Through to the final line, write out the records below exactly, omitting any images they contain.

○ ○ ○ ○

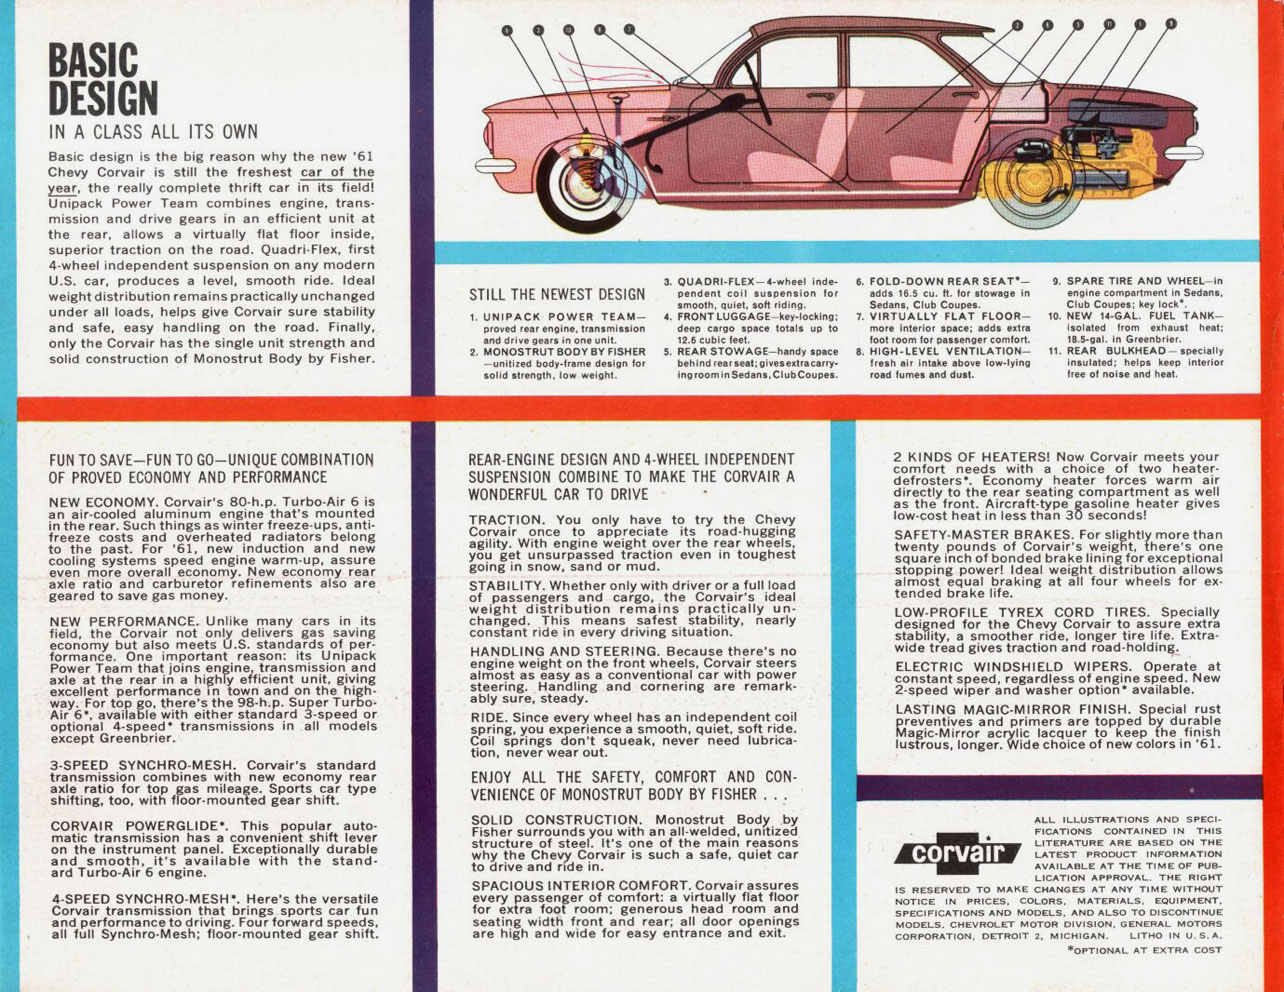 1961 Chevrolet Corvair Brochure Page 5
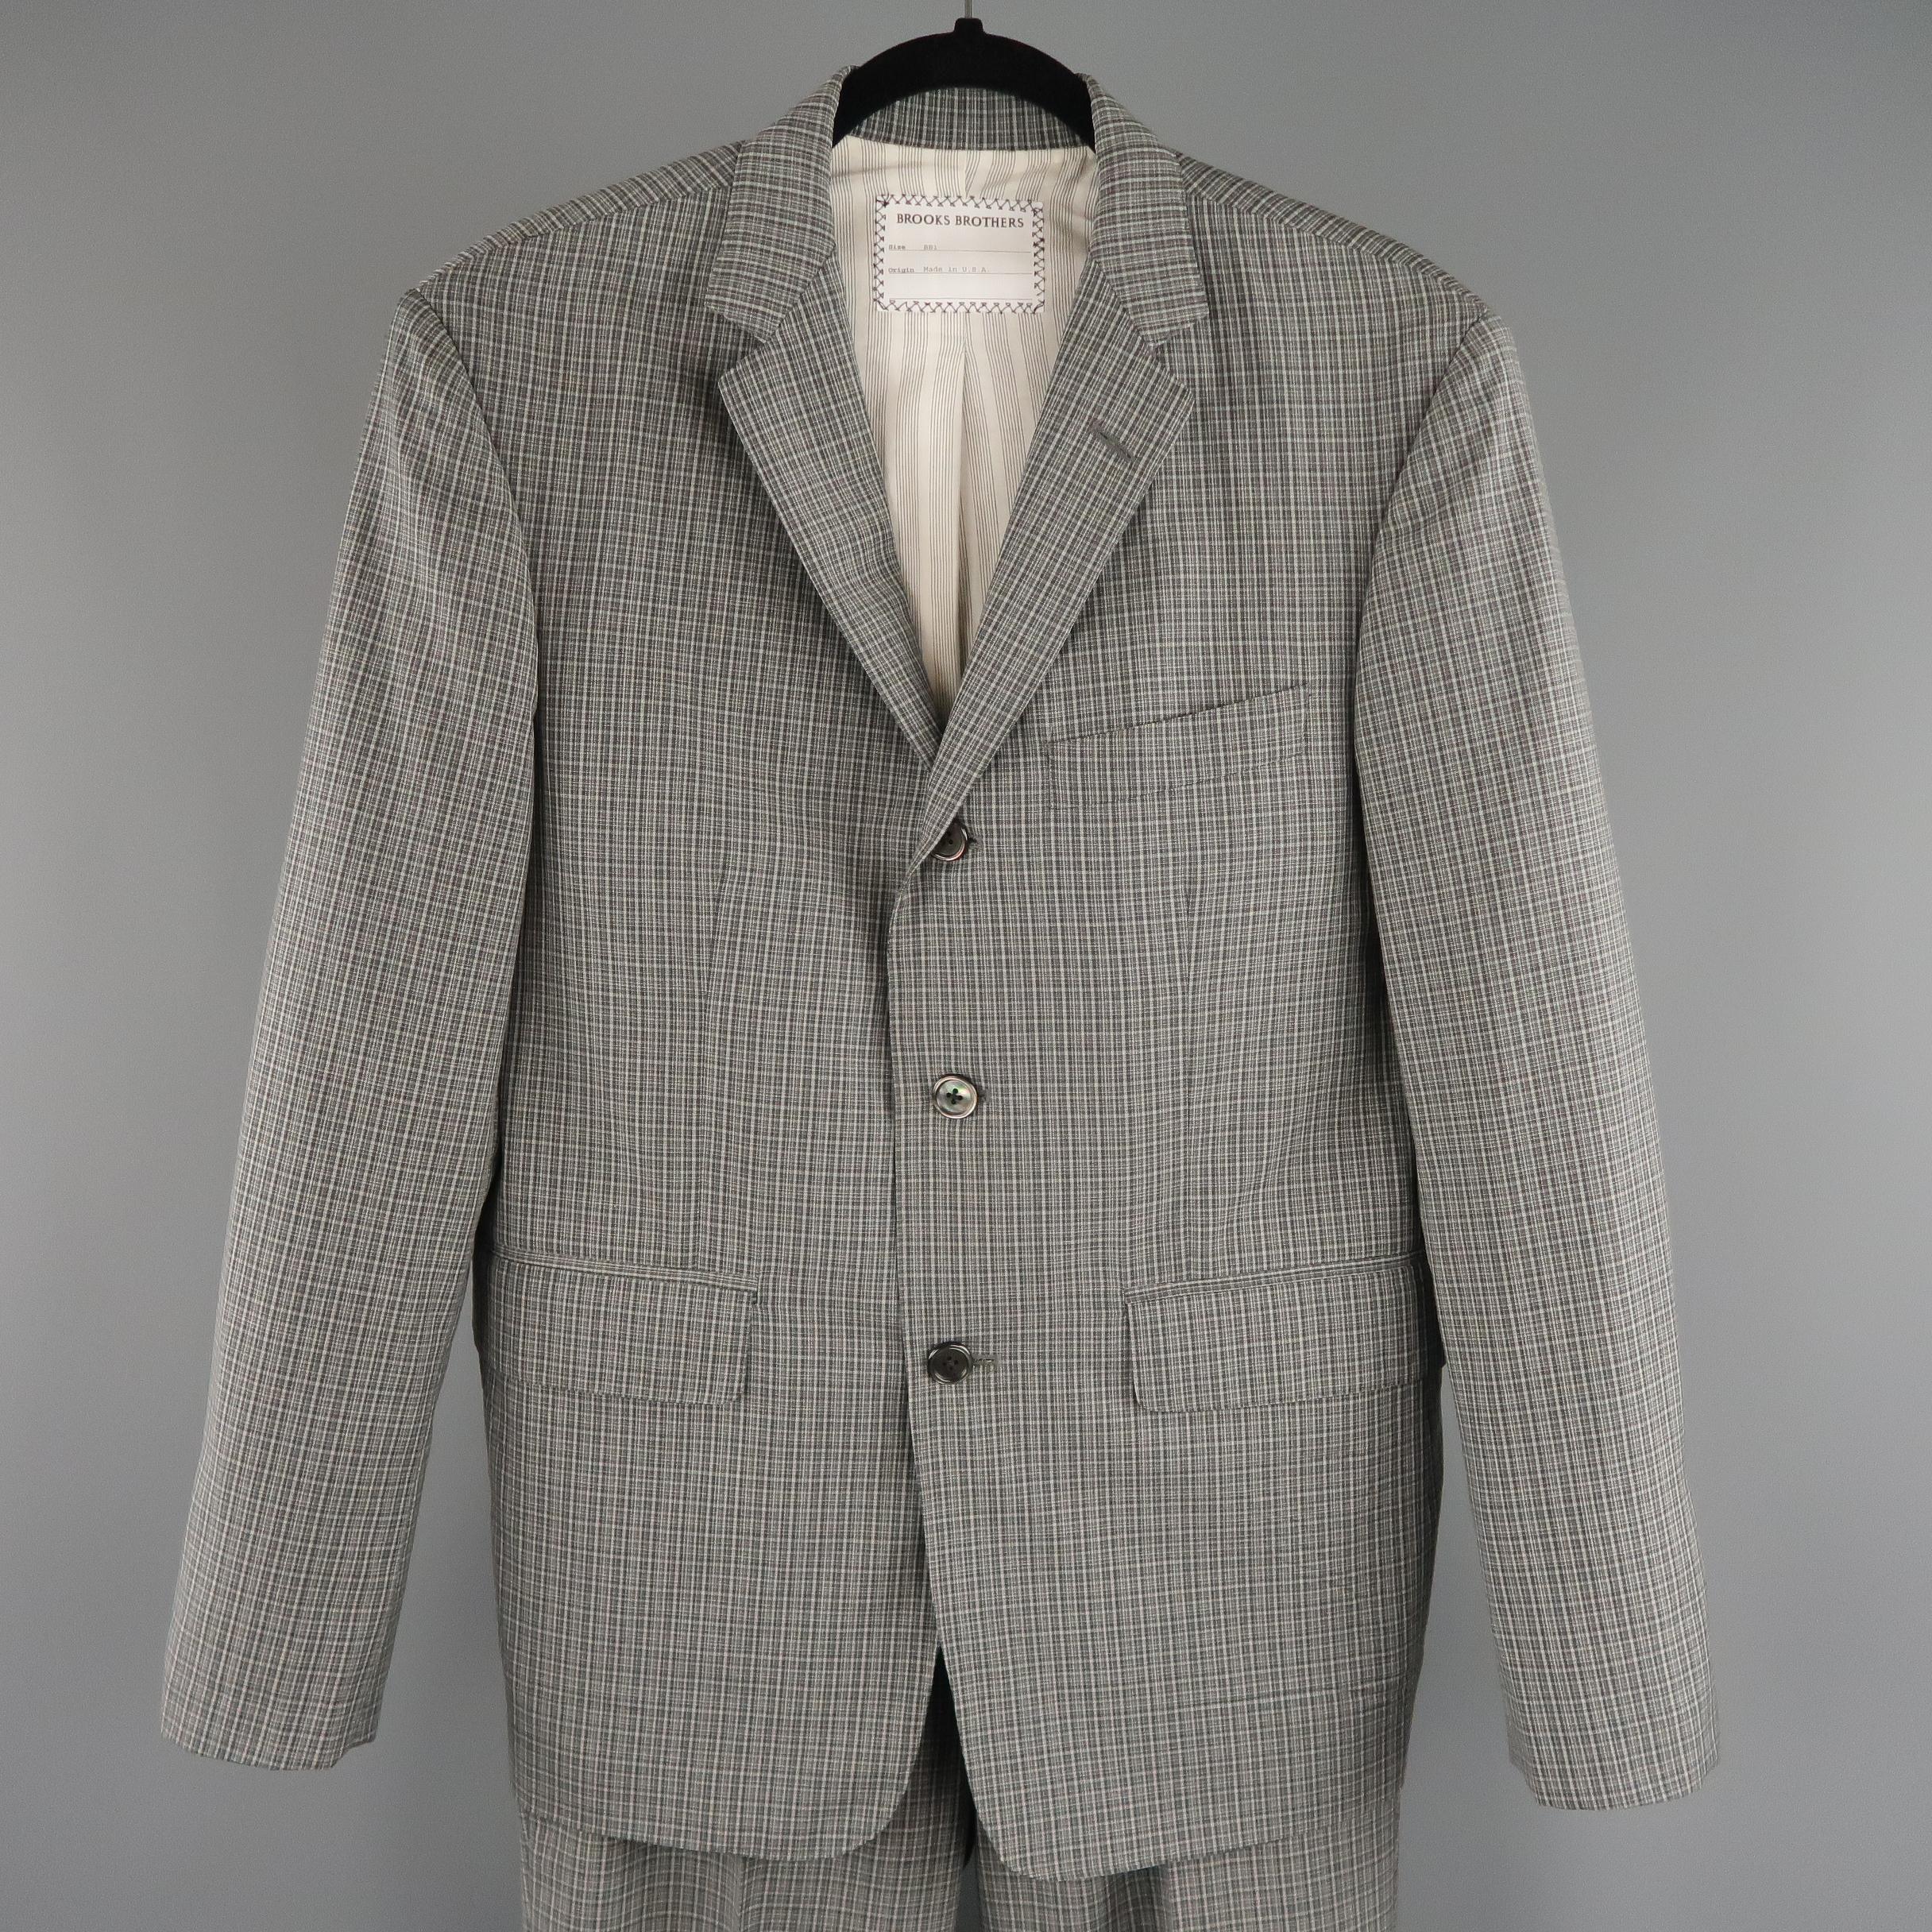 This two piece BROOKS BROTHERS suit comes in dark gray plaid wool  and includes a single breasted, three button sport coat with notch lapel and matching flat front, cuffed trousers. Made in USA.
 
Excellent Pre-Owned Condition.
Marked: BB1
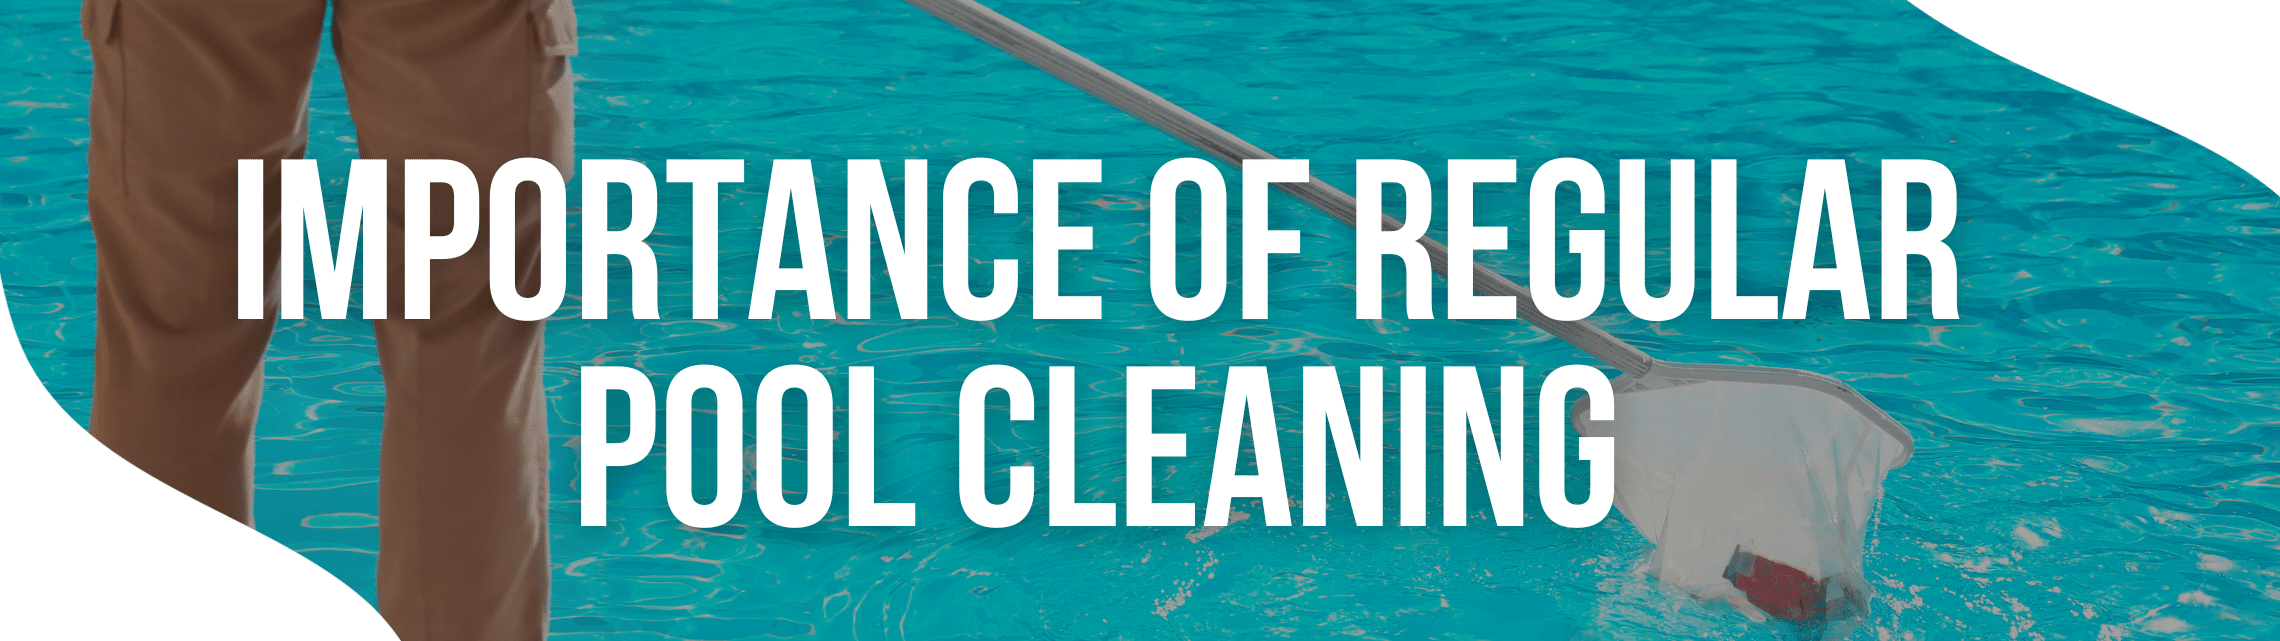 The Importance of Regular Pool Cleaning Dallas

○ ○ ○ ○

> **THE ANSWER**:
 1961 Chevrolet Corvair Brochure Page 5
 This two piece BROOKS BROTHERS suit comes in dark gray plaid wool  and includes a single breasted, three button sport coat with notch lapel and matching flat front, cuffed trousers. Made in USA.
 
Excellent Pre-Owned Condition.
Marked: BB1
 The Importance of Regular Pool Cleaning Dallas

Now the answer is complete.